Phyllis Martin's appearance gives me an unpleasant, fluttery sensation. I'm not safe what she has, but I'm fairly certain that it's bad--and Mr Martin already has her share of perplexs This 55-year-old woman has already forfeited a daughter to suicide and a son to lawlessness; she and her husband make meager incomes between sum of two units part-time jobs and are behind forward the rent; and she has no insurance to pay for medical visits or for relations pressure and diabetes medicines. "It's my left eye" Mr Martin says. "For a month I've been seeing two" if it were not that this isn't a simple diabetic extraocular muscle palsy. No, Mr Martin's face is markedly asymmetric with ptosis of her left eyelid. I consider a differential: Cerebrovascular accident? Bell's Palsy? Horner's syndrome? Her extraocular mental actions are normal, her cranial resolutions are intact, and she has no facial let droop But there's puffiness below the eyebrow When I ask her to nip her eyes shut, instead of the eyelids closing tight, the left eyelid protuberances dramatically, as if something were displacing the globe outward. My hovers worsen as I imagine a tumor in her orbit. I call our chief of radiology to arrange for an pressing MRI. When I mention her lack of insurance, he doesn't hesitate. "She emergencys to have it done; impel her up."

Thursday

Today, I win a call about Phyllis Martin's MRI. "There's no mass," our chief of radiology says, "just diffuse swelling in the left orbit--possibly an inflammatory pseudotumor." No mass? No mass! I giddily do an Internet search for "inflammatory pseudotumor" and learn that it typically currents with a red eye (which she does not have), that its cause is uncertain, and that it's repeatedly treated with steroids. When Mr Martin recurs for follow-up, I feel like dancing around her. "Good news!" I say. "No cancer.
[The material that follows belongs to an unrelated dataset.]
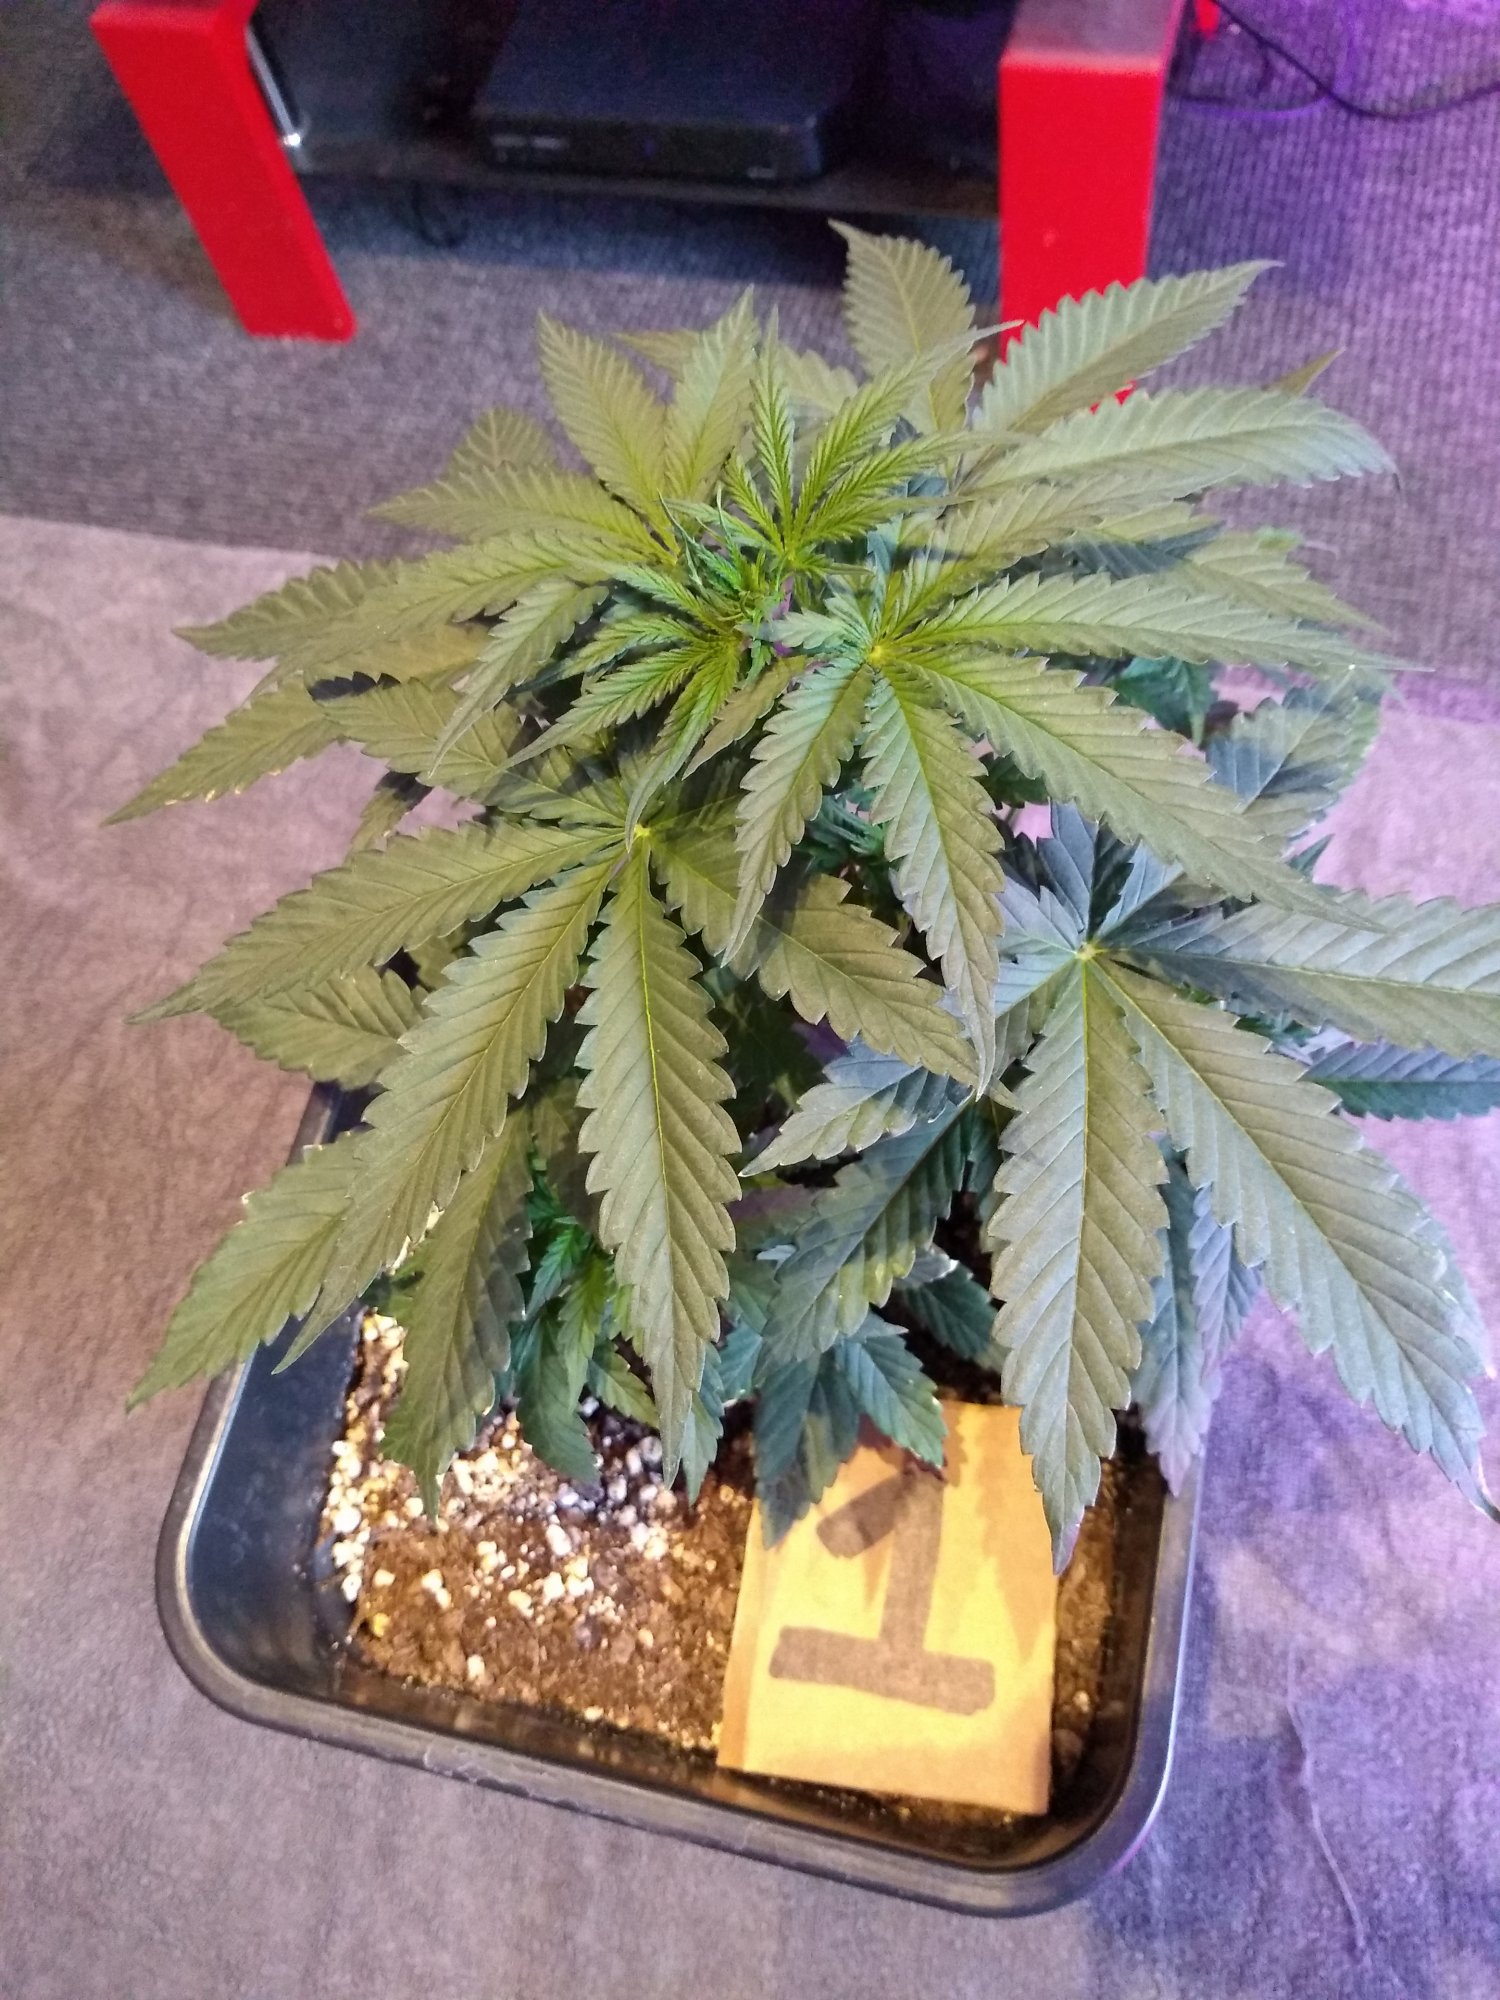 New grower   mistakes have been made 3

Just about swelling that an eye doctor will help us figure out" Instead of smiling, Phyllis tears up "It's serviceable news!" I repeat, not comprehending her sadness. "What's the matter?" She fixes me with a watery gaze. "Are you fast you're telling me everything?" I inflict my hand on her shoulder and assume my gravest doctor voice: "If you had cancer, I wouldn't detain it from you." Finally, her expression relaxes and I advance on. "But here's a really important question: What about the MRI bill?" I've learned that her scan may generate a charge of several thousand dollars, an amount I could imagine triggering a heart attack. She can't equal afford a $20 prescription. "I don't know," she sighs, as I make myself a note to await into it. For now, I'm grateful for this reprieve, for a bullet dodged, for this whispered promise of life.